F24- I am currently in a relationship and i feel that i am expecting and depending a lot on my partner. My parents know about my relationship and they are just pretending that they don’t. My parents are not legally separated and they are not together also. And my dad is so strict. I always feel if i had a perfect family which i have always missed , then may be today I wouldn’t be writing this if i had a perfect dad like the one they potray in movies, a friendly understanding dad and a caring mom then may be i wouldnt have been in this situation.. may be if i had a proper way of bringing up then I wouldn’t crave for love and to be pampered. These my boyfriend is very busy that we hardly get time to spend with each other and when he says something and doesn’t do it then i feel very disappointed. I get easily hurt and i cry a lot. He always says that i am the one who keeps fighting with him all the time... I don’t know what to do... my parents aren’t supportive that much... they wont understand and they are not friendly to me... the only person whom I talk to everyday is him and when he does something like this I feel there is no one for me... i am just a disturbance to the people around me... may be if i die they would be happy. I don’t know what to do😭😭
Sorry you are going through a tough period, ranjani. I hear what you are saying about wanting a 'perfect family' but very few of us had that. When I was a child my family was very broken-my parents quarreled all the time and were separated several times and eventually divorced. The constant conflict had a deep impact on all three of us kids, it harmed our character a great deal.
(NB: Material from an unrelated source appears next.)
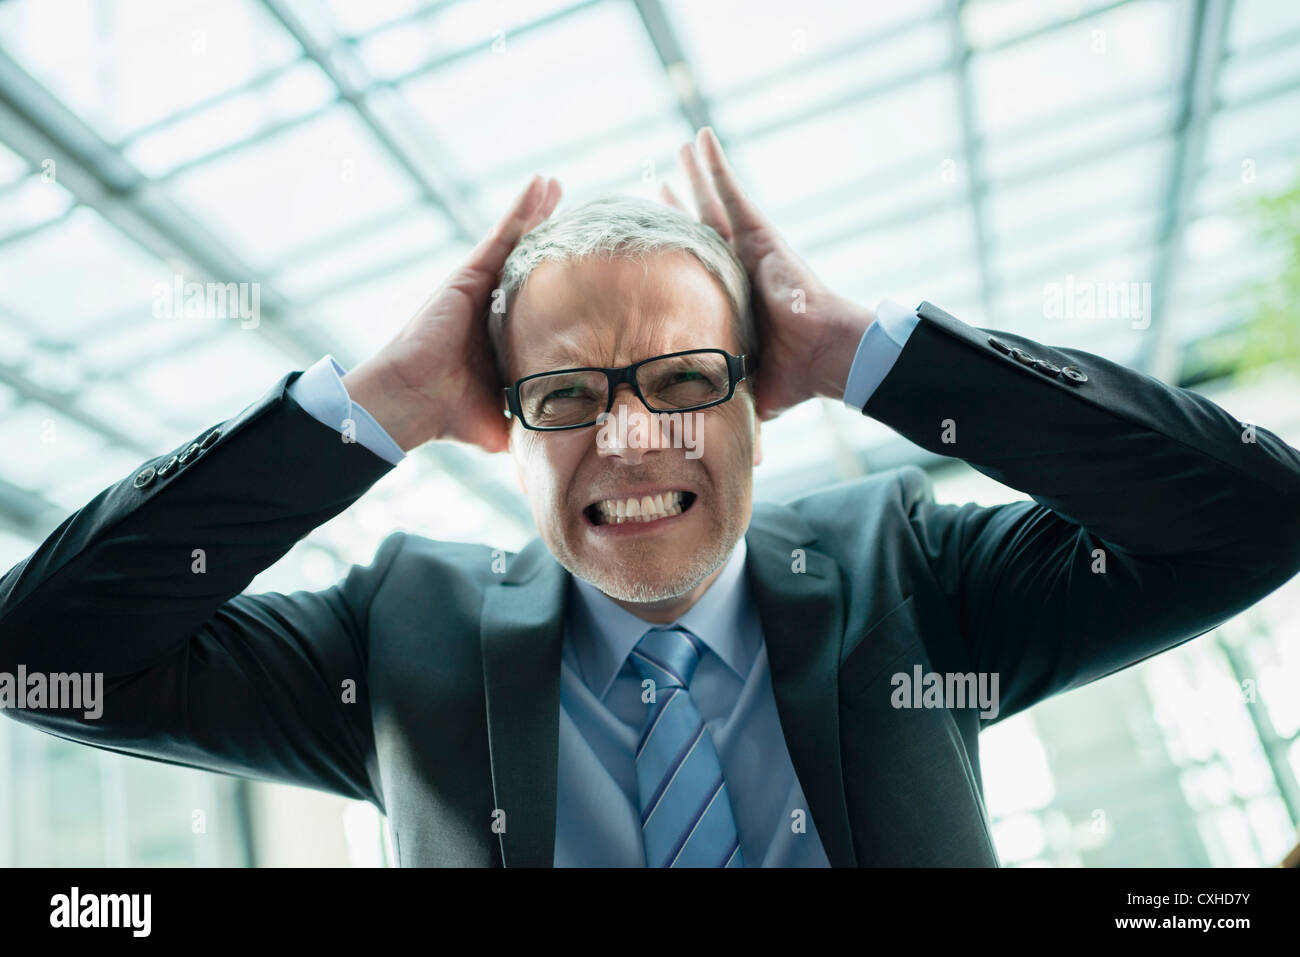 Germany, Stuttgart, Angry businessman, close up Stock Photo

Today, I am an old guy-63 years old. But I still carry the scars of that troubled family life and I battle depression and suicidal thoughts. My Dad died 15 years ago and my Mom and only brother both passed away in February, 2017-only 2 days apart (from unrelated problems). The only family I have left is one sister who is full of rage and anger and who I have not spoken with in 15 years. Currently we are engaged in a legal fight over my Mom's estate and it is causing me a lot of anxiety and depression. You never outgrow the hurts and wants that you suffer as a child
My advice to you is to seek therapy or someone you can confide to regarding your problems. It seems your boyfriend is not that person-at least not all the time. A confidant is very necessary in our troubled lives to help 'let off steam'. I have my wife and I also see a therapist once or twice a week. And I take medication for Depression which helps to some degree.
I hope things settle down for you and you can experience some joy in your life. For most of us life has a lot of problems continually. We struggle most days just to get by and, if you suffer from anxiety or depression, it is a very tough struggle indeed! I will remember you today and try and think good thoughts for you, maybe God will hear and help ease your troubles? We shall see.
Hi the point about movies is that they aren't real and 'perfect' parents don't actually exist - they are just a Hollywood invention. No one in the history of the world ever had perfect parents or a perfect life as this is impossible with us humans and thank goodness too as life would be so boring wouldn't it.
If my aunt had balls she would be my uncle...
If you are thinking of suicide it is a red flag that you need help. Please see your doctor. I presume you are not under 16? x
Hi Ranjani - sorry to read you are suffering. Waiting for someone to change to suit us is a waste of time. We can't change them, only they can do that. Your parents are who they are, imperfect as the rest of us, and they cannot give what they don't have. This does not in any way diminish or negate how you are feeling and what caused it. Have you consulted a doctor about this? Have you had any counselling? That is the place to start.